■ WHAT NEEDS TO BE DONE ■
Where a picture appears, leave it out, and transcribe all the lines below exactly.

━━ AVAILABLE DATA ━━

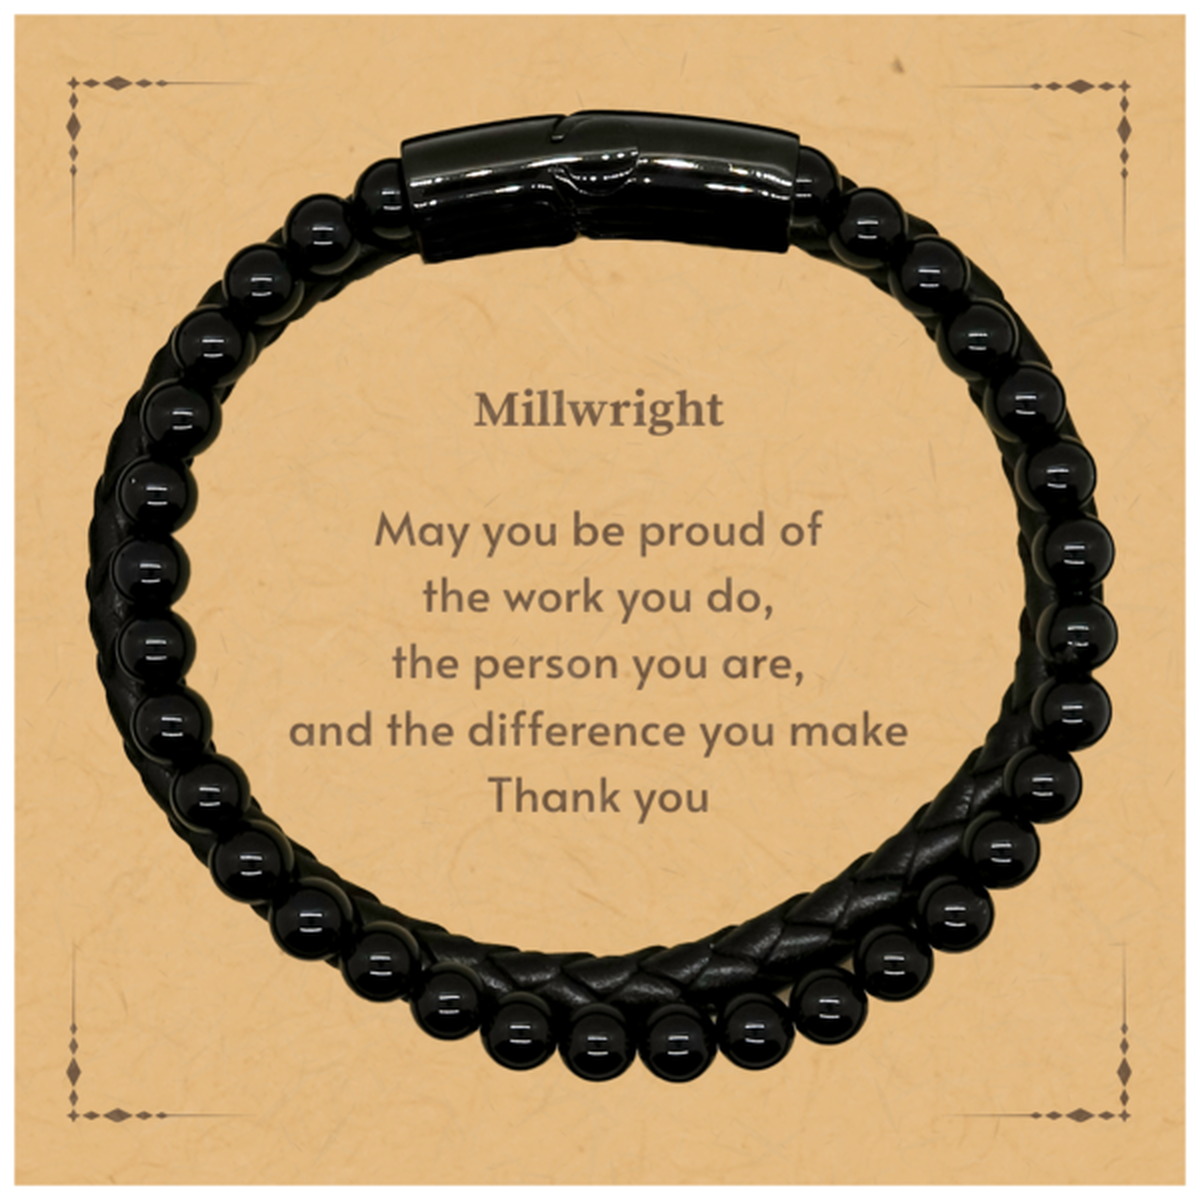 Heartwarming Stone Leather Bracelets Retirement Coworkers Gifts for Millwright, Millwright May You be proud of the work you do, the person you are Gifts for Boss Men Women Friends
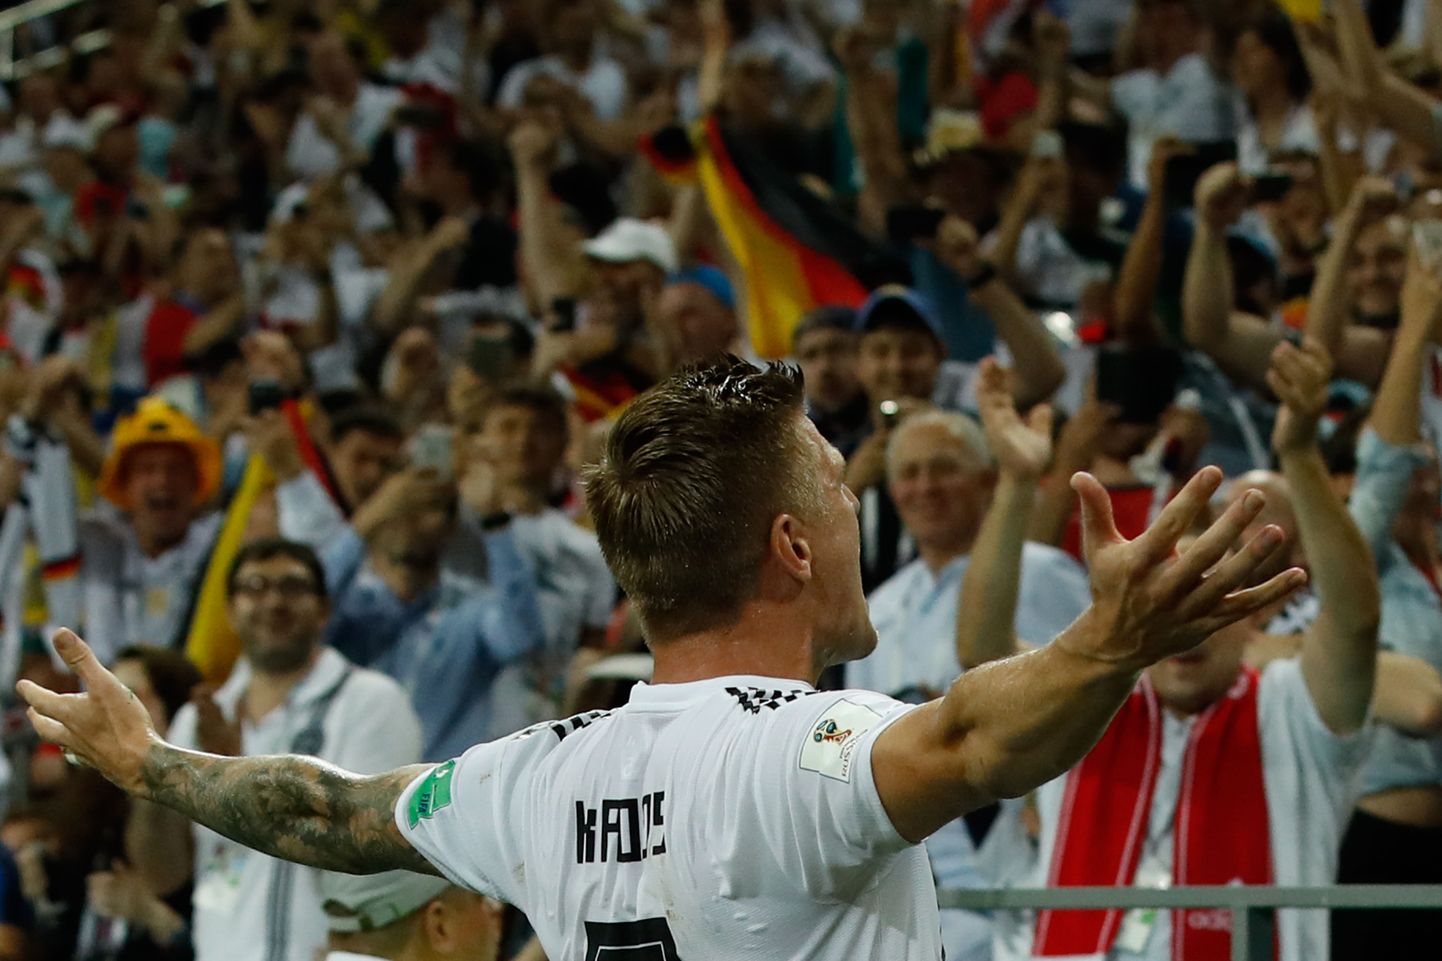 Germany's midfielder Toni Kroos celebrates with supporters after scoring a goal during the Russia 2018 World Cup Group F football match between Germany and Sweden at the Fisht Stadium in Sochi on June 23, 2018. / AFP PHOTO / Odd ANDERSEN / RESTRICTED TO EDITORIAL USE - NO MOBILE PUSH ALERTS/DOWNLOADS
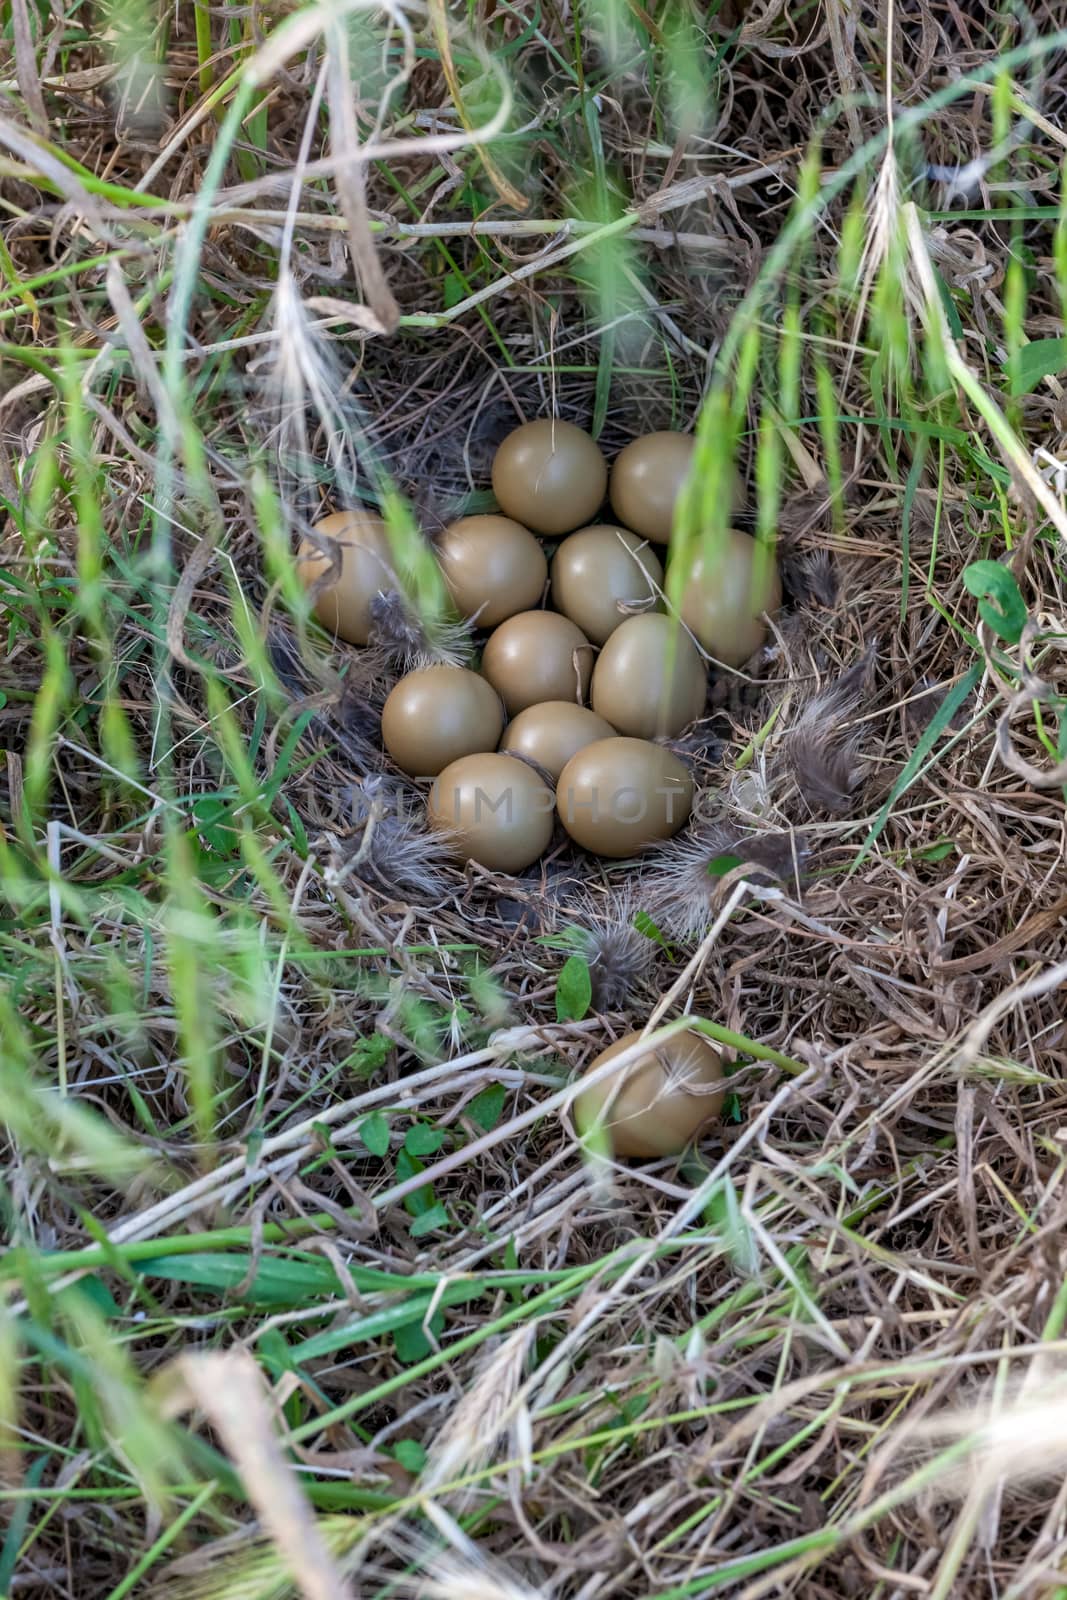 Pheasant nest by master1305
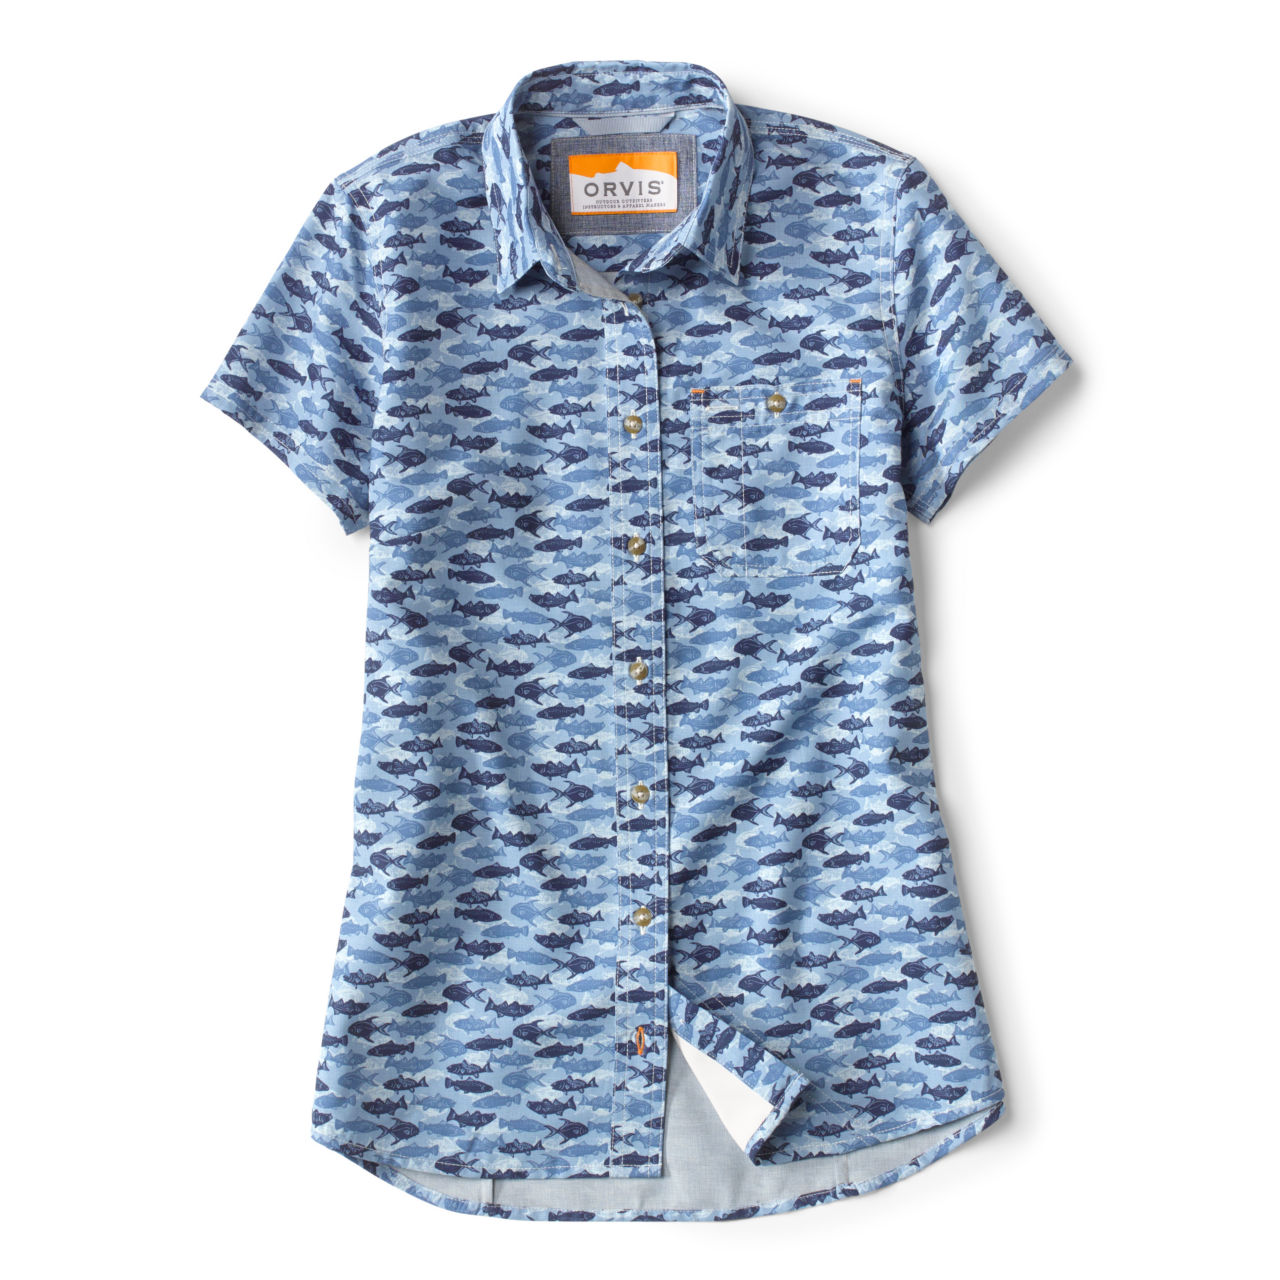 Women’s Tech Chambray Short-Sleeved Work Shirt - DUSTY BLUE FISH BLOCK CAMO image number 0

━━━

■ SOLUTION ■
 Heartwarming Stone Leather Bracelets Retirement Coworkers Gifts for Millwright, Millwright May You be proud of the work you do, the person you are Gifts for Boss Men Women Friends
 Germany's midfielder Toni Kroos celebrates with supporters after scoring a goal during the Russia 2018 World Cup Group F football match between Germany and Sweden at the Fisht Stadium in Sochi on June 23, 2018. / AFP PHOTO / Odd ANDERSEN / RESTRICTED TO EDITORIAL USE - NO MOBILE PUSH ALERTS/DOWNLOADS
 Pheasant nest by master1305
 Women’s Tech Chambray Short-Sleeved Work Shirt - DUSTY BLUE FISH BLOCK CAMO image number 0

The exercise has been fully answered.